Aleksandr Petiushko
Technical Lead Manager, Machine Learning Research, Nuro

June 6, 11:00am
Location: Magnolia

Panelist: Artificial Intelligence for Autonomous Driving

Autonomous driving is one of the fastest-growing industries leveraging artificial intelligence solutions. Autonomous driving has been using a suite of modalities like cameras, LiDARs, RADARs, microphones, ultrasonics, city-traffic data, and everything around in order to bring autonomous cars to a boring reality. This panel will bring together experts in the field of AI for autonomous driving to discuss the frontiers of Perception; the field of distilling sensor data into representations understandable by the autonomy stack. The panel is comprised of a diverse group with several years of experience in building robots and complex perception systems for the purpose of autonomous passenger vehicles and delivery robots. This panel will discuss challenges to developing a scalable, safe, and ethical perception system for the future. Topics will include, but are not limited to long tail problems in autonomous driving, data mining, perception architectures, ML Infrastructure, and future technologies, among others. The panelists will provide their viewpoint not only from a performance perspective but from the lens of an experienced practitioner balancing reliability with practical computing considerations. This is an excellent opportunity for attendees to gain a deeper understanding of the latest advancements in AI for autonomous driving and the pivotal role it will play in reshaping our transportation landscape.

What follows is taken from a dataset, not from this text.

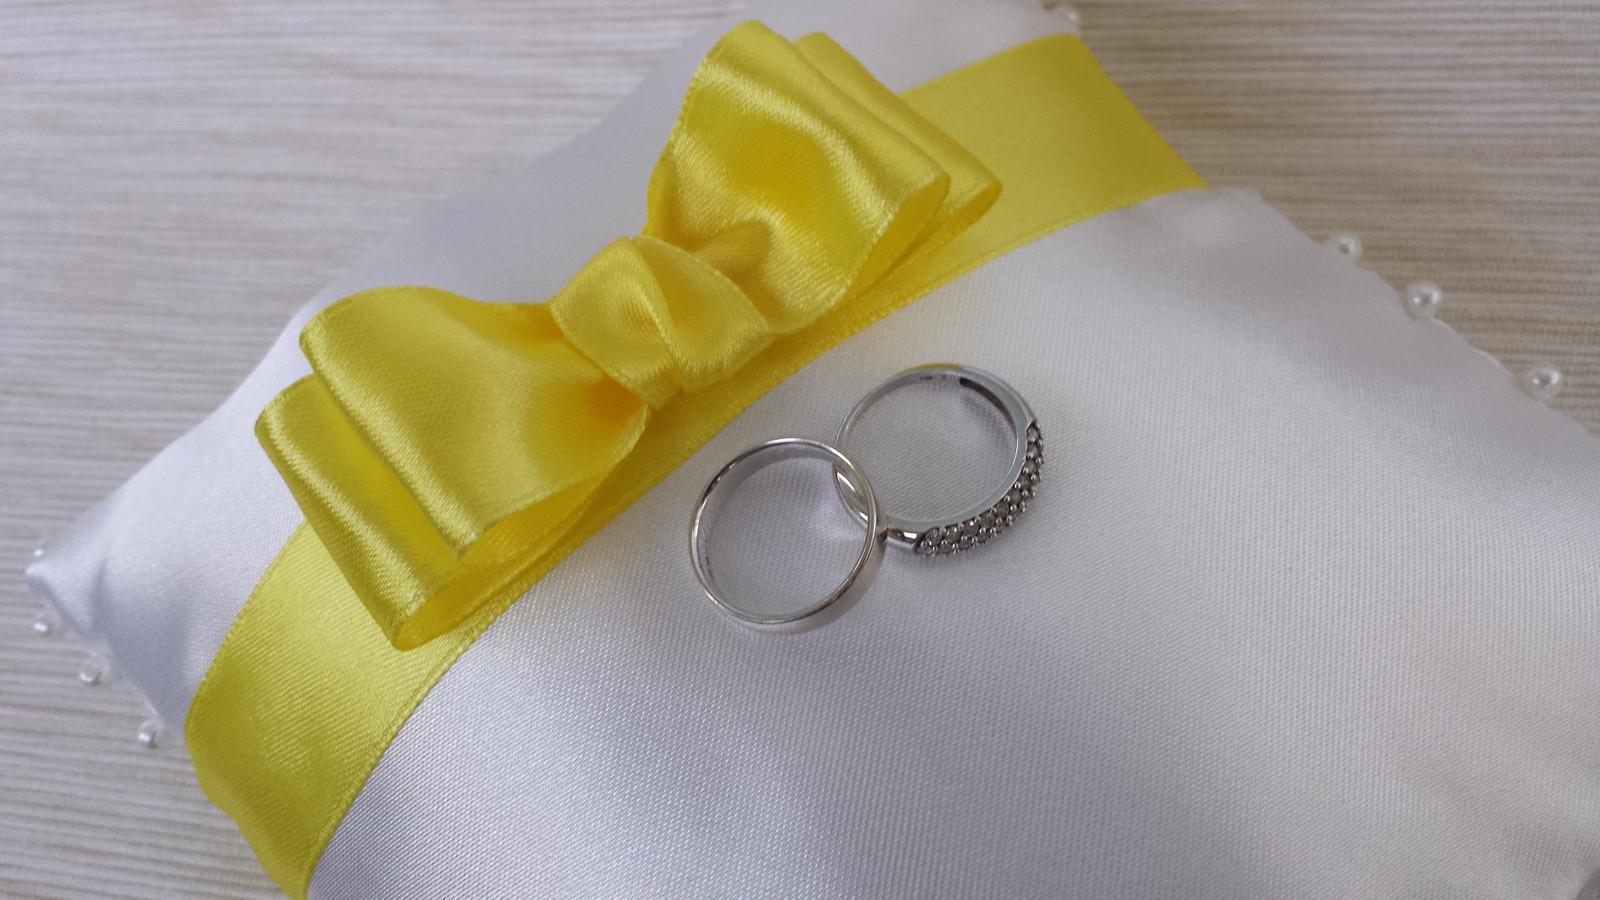 Bílý polštářek pod prstýnky se žlutou mašličkou - Obrázek č. 1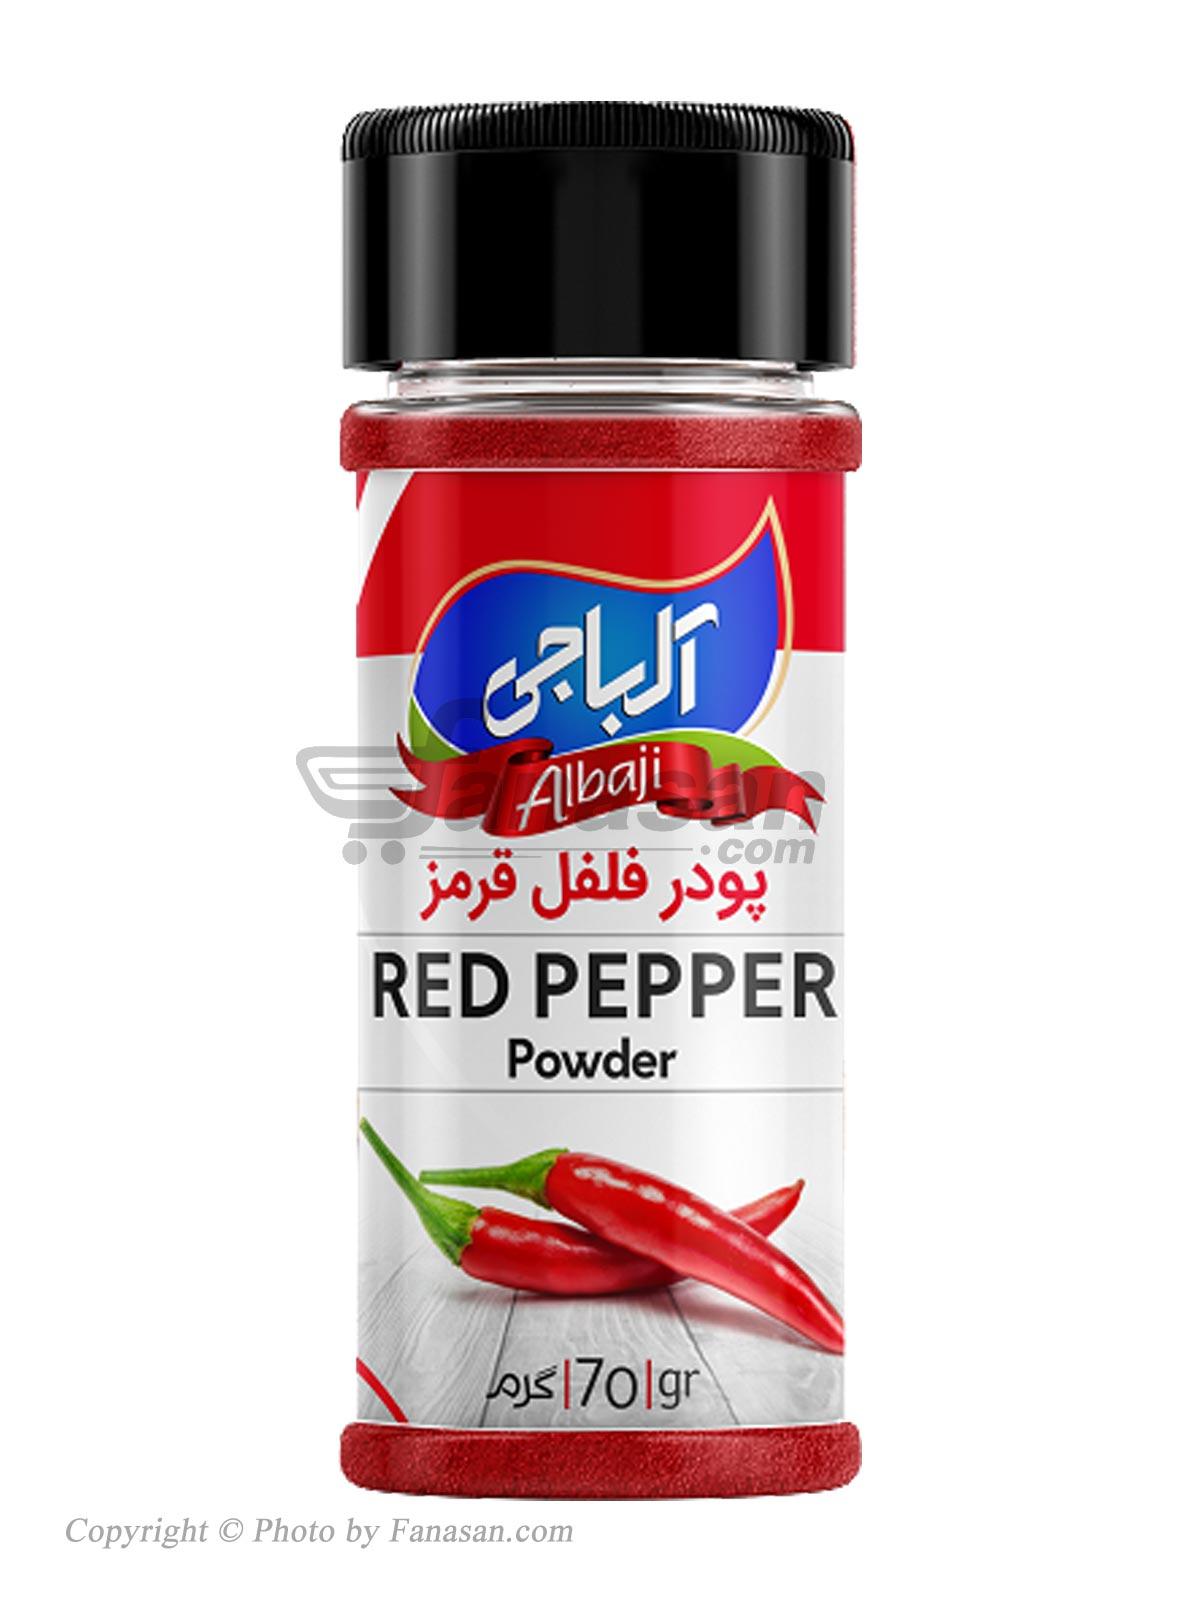 فلفل قرمز آلباجی 70 گرم

Aleksandr Petiushko is a Technical Lead Manager at Machine Learning Research at Nuro, leading the Autonomy Interaction Research team. He is also a lecturer at Lomonosov Moscow State University, giving courses on the Theory of Deep Learning. He has received M.Sc. in 2006 and Ph.D. in 2016. Before Nuro, he worked as a Principal Engineer / Scientific Expert at Huawei, as Managing Director / Leading Researcher at Artificial Intelligence Research Institute (AIRI), and organized and led the collaboration activities between Academia and Industry. His research interest lies in the application of empirical and theoretical robustness techniques to different tasks, and related works have been accepted by different top conferences (ECCV, AAAI, IJCAI, NeurIPS).